The newly disclosed information about the email records program is contained in a report by the N.S.A.’s inspector general that was obtained by The New York Times through a lawsuit under the Freedom of Information Act. One passage lists four reasons that the N.S.A. decided to end the email program and purge previously collected data. Three were redacted, but the fourth was uncensored. It said that “other authorities can satisfy certain foreign intelligence requirements” that the bulk email records program “had been designed to meet.”

The report explained that there were two other legal ways to get such data. One was the collection of bulk data that had been gathered in other countries, where the N.S.A.’s activities are largely not subject to regulation by the Foreign Intelligence Surveillance Act and oversight by the intelligence court. Because of the way the Internet operates, domestic data is often found on fiber optic cables abroad.

The N.S.A. had long barred analysts from using Americans’ data that had been swept up abroad, but in November 2010 it changed that rule, documents leaked by Edward J. Snowden have shown. The inspector general report cited that change to the N.S.A.’s internal procedures.

The other replacement source for the data was collection under the FISA Amendments Act of 2008, which permits warrantless surveillance on domestic soil that targets specific noncitizens abroad, including their new or stored emails to or from Americans.

“Thus,” the report said, these two sources “assist in the identification of terrorists communicating with individuals in the United States, which addresses one of the original reasons for establishing” the bulk email records program.

Timothy Edgar, a privacy official in the Office of the Director of National Intelligence in both the George W. Bush and Obama administrations who now teaches at Brown University, said the explanation filled an important gap in the still-emerging history of post-Sept. 11, 2001, surveillance.

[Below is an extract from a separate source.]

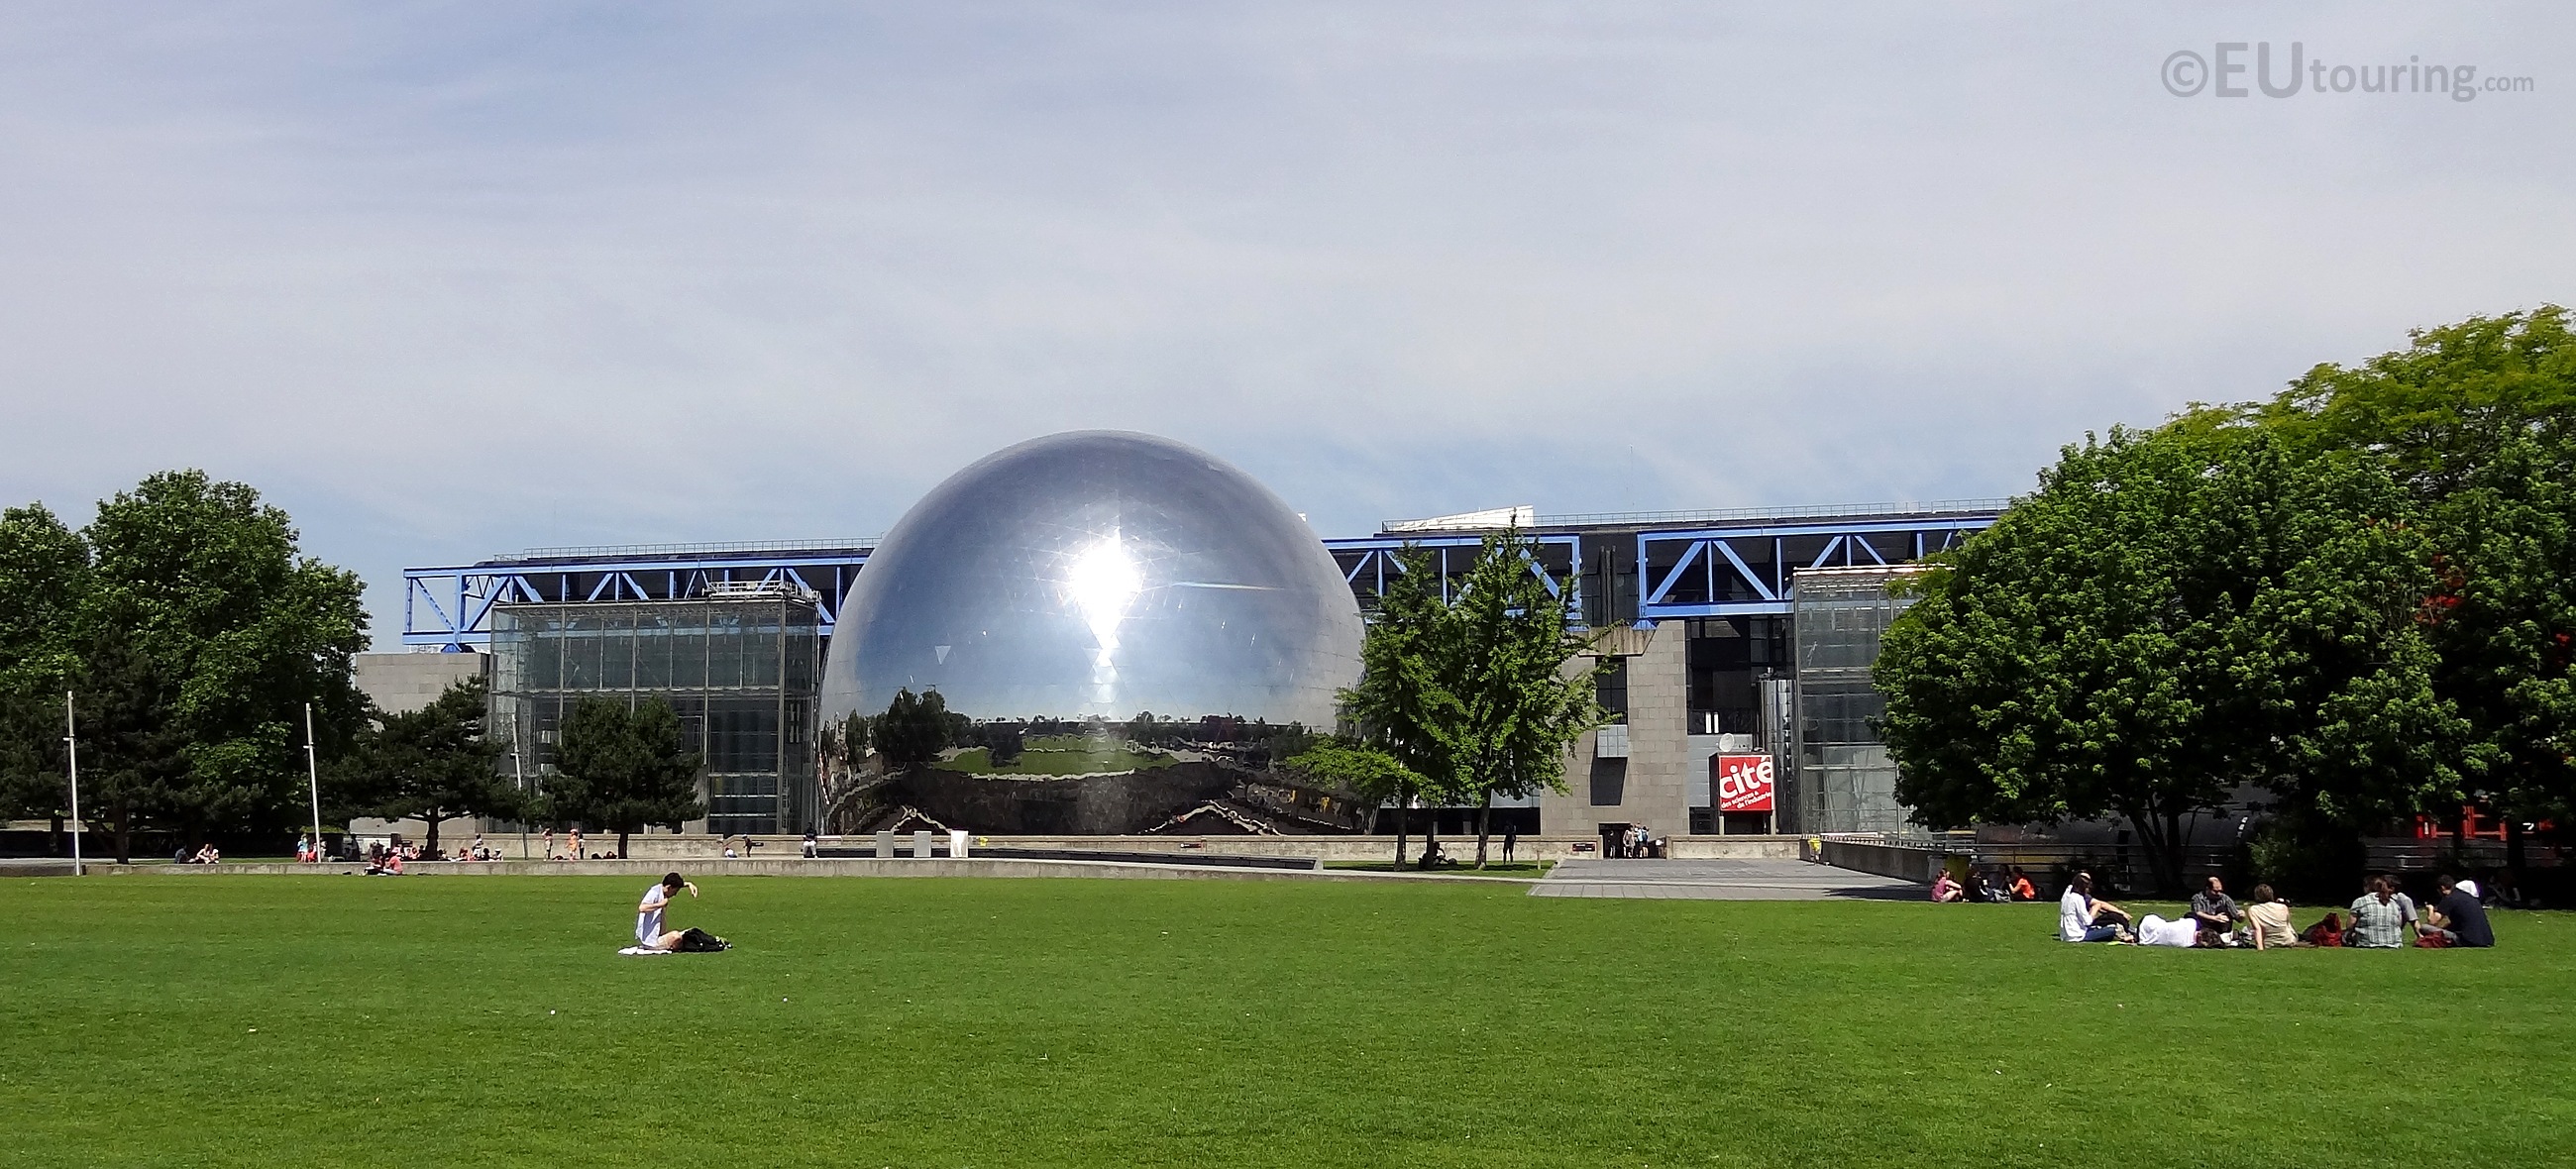 Cite des Sciences and Geode from a distance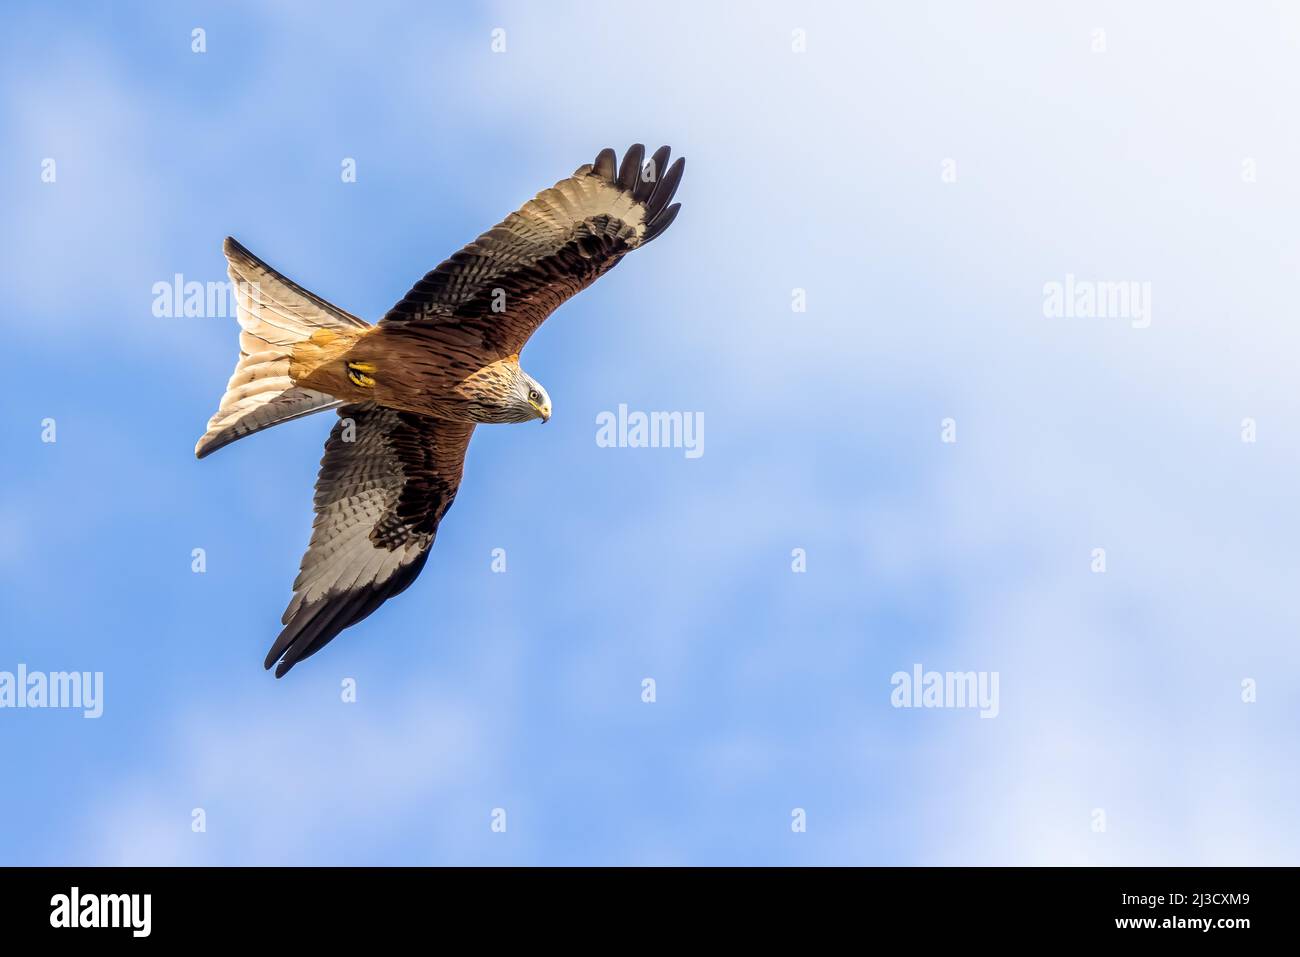 Red Kite (Milvus milvus) flying in Northamptonshire UK - Blue Sky, space for copy Stock Photo

“The document makes it clear that N.S.A. is able to get all the Internet metadata it needs through foreign collection,” he said. “The change it made to its procedures in 2010 allowed it to exploit metadata involving Americans. Once that change was made, it was no longer worth the effort to collect Internet metadata inside the United States, in part because doing so requires N.S.A. to deal with” restrictions by the intelligence court.

Observers have previously suggested that the N.S.A.’s November 2010 rules change on the use of Americans’ data gathered abroad might be connected to the December 2011 end of the bulk email records program. Marcy Wheeler of the national security blog Emptywheel, for example, has argued that this was probably what happened.

And officials, who spoke on the condition of anonymity to discuss sensitive collection programs, have said the rules change and the FISA Amendments Act helped make the email records program less valuable relative to its expense and trouble. The newly disclosed documents amount to official confirmation.

The N.S.A. and the Office of the Director of National Intelligence did not respond to a request for comment.

After the Sept. 11 attacks, Mr. Bush secretly authorized the N.S.A. to conduct surveillance and data-collection activities without obeying the Foreign Intelligence Surveillance Act, in a program called Stellarwind.

The email records component caused many internal headaches. In 2004, the Justice Department questioned its legality, contributing to a confrontation in the hospital room of Attorney General John Ashcroft and the threat of a mass resignation.

Mr. Bush then halted the program until the intelligence court began issuing secret orders authorizing it.

The court limited the categories of data that the N.S.A. was permitted to collect and restricted how it could gain access to the data. After violations of those limits were revealed in 2009, the N.S.A. suspended the program until mid-2010, only to end it the next year.